Menurut Ibnu Katsir ayat ini sejalan dengan beberapa ayat lainnya, seperti firman Allah SWT: Apakah kamu mengira bahwa kamu akan masuk surga, padahal belum nyata bagi Allah orang-orang yang berjihad di antaramu, dan belum nyata orang-orang yang sabar (QS Ali Imran [3]: 142). Juga QS al-Baqarah [2]: 214.

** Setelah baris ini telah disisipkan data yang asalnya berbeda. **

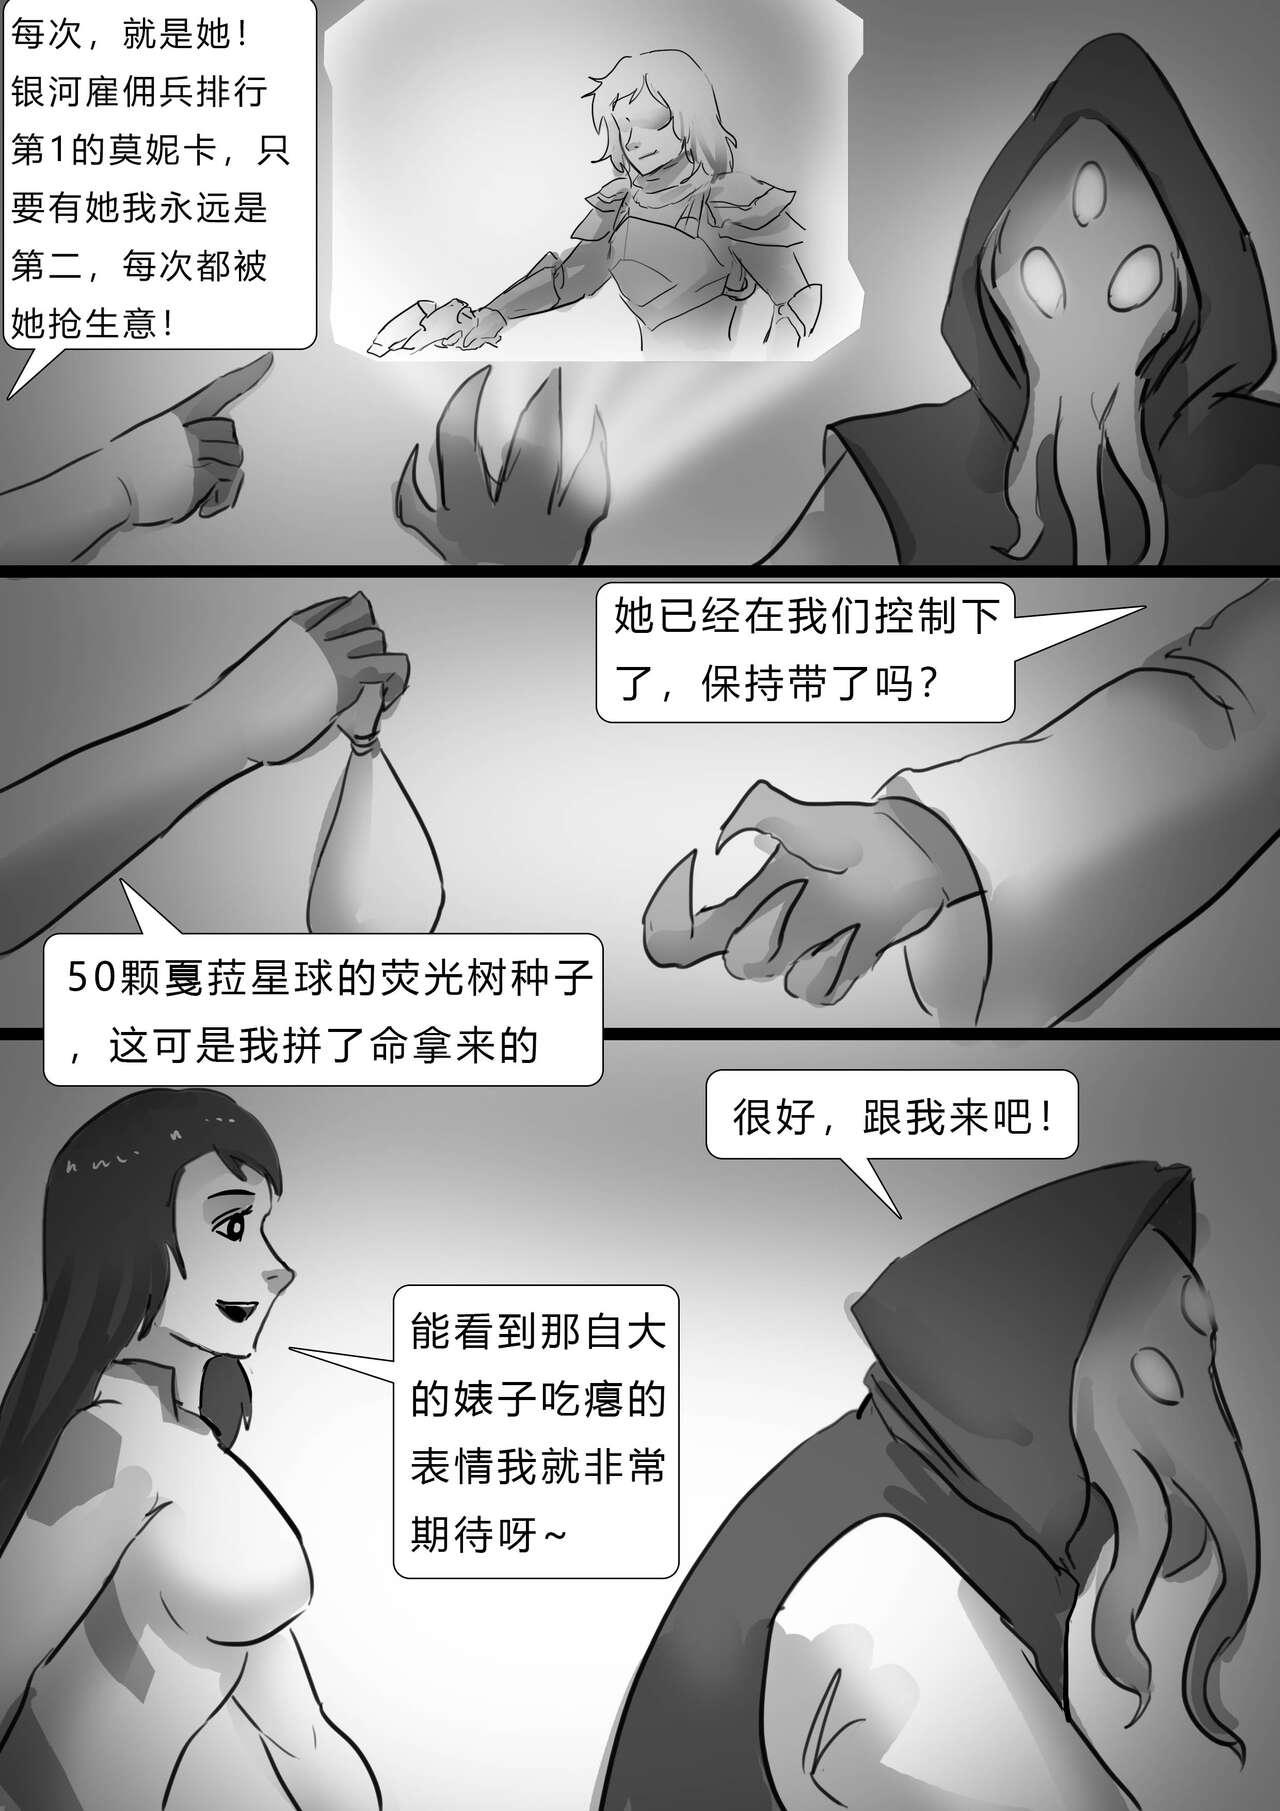 Old And Young 千变女奴 Thousand-change slave girl Deutsche - Page 4
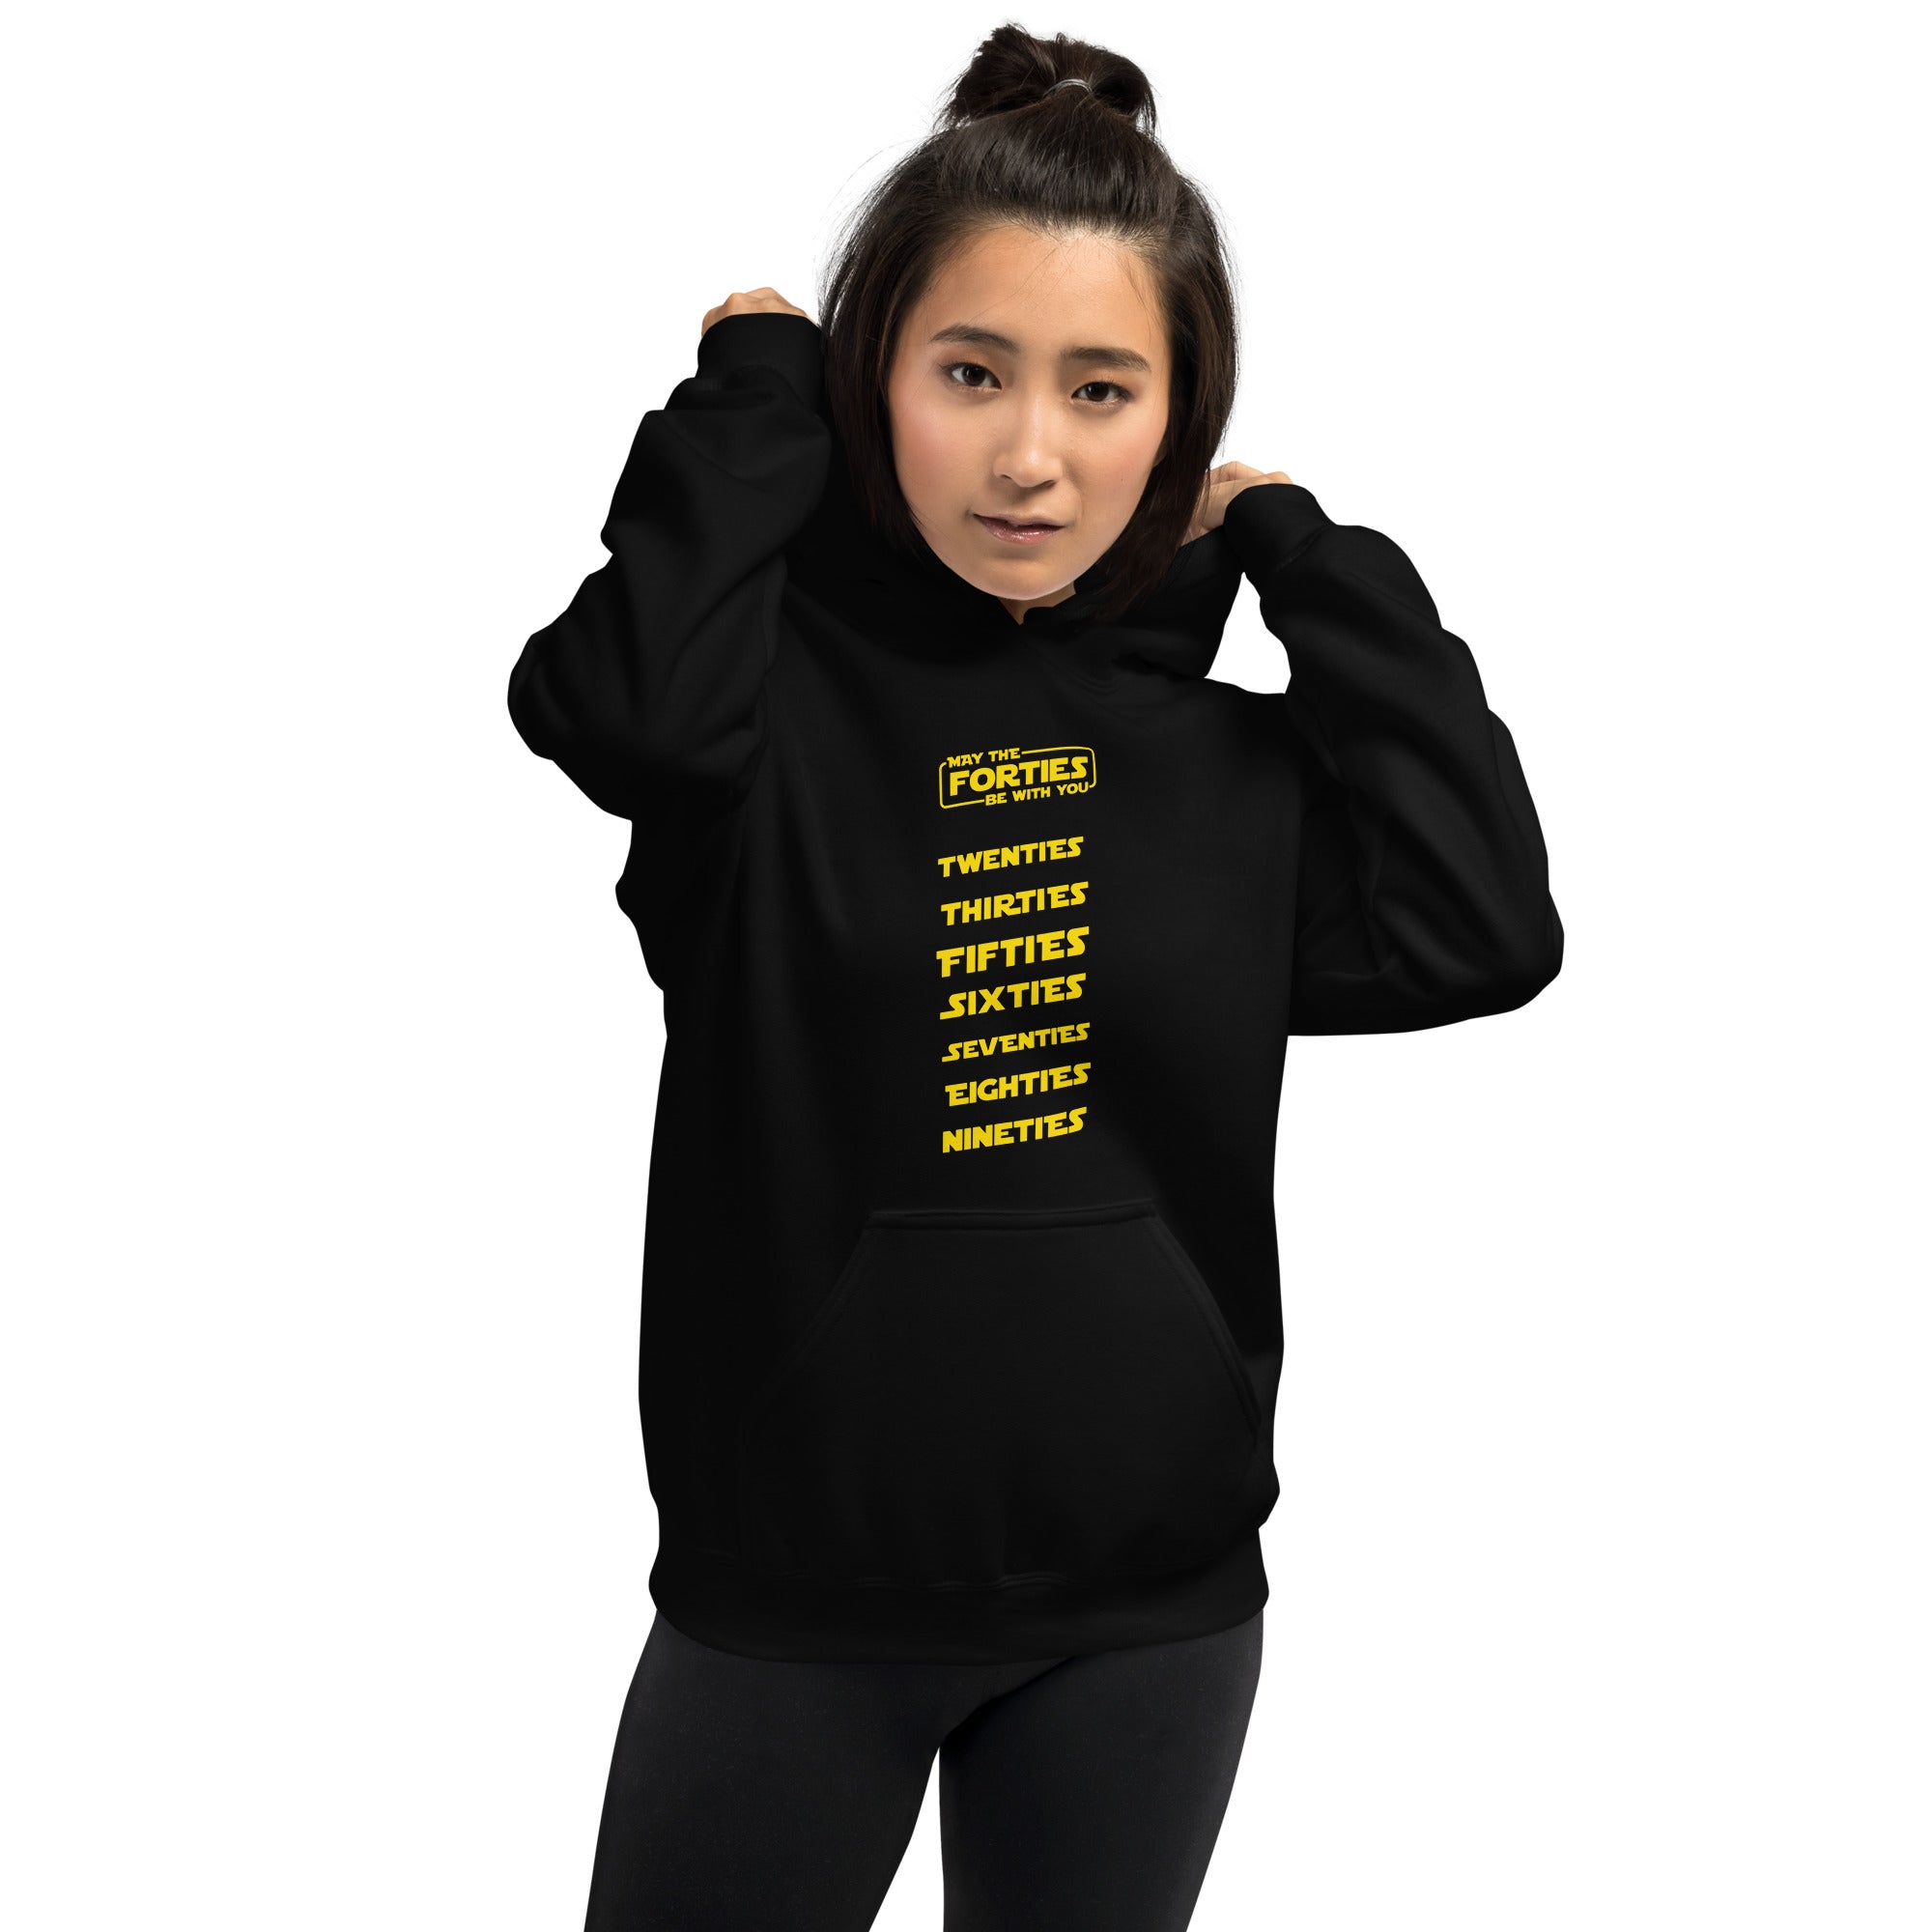 May The Forties Be With You - Unisex Hoodie

Selayak manusia beriman pasti Allah SWT akan menghadirkan ujian hidup sebagaimana ibrah yang ada dalam genteng tersebut. Maka bergembiralah bagi sahabat-sahabat semua yang sedang diuji, niscaya Allah SWT akan menempatkan kita ke tempat yang tinggi disisiNya. Mungkin sahabat semua ada yang sedang diuji dengan ketakutan, kelaparan, kekurangan makanan pokok, anak-anak yang belum nurut atas perintah orangtuanya, Guru yang kurang dihargai oleh anak didiknya, tetangga yang menyakiti, pemimpin yang kurang adil, anak didik yang kurang nurut sama gurunya, dan lain sebagainya tetapi yakinlah itu semua adalah salahsatu jalan Allah SWT untuk meninggikan derajat kita disisiNya.Aamiin…

Daftar Bacaan
Al Hasyim, Sayid Ahmad. Tt. Mukhtarol Hadist.Semarang: CV Toha Putra.
ad-Dimasyqi, Maduddin Ismail bin Umar bin Katsir al-Qurasyi al-Bushrawi.2006. Tafsir Ibnu Katsir. Terjemah: Abdullah Bin Muhammad. Jakarta: Pustaka Imam Syafi’i.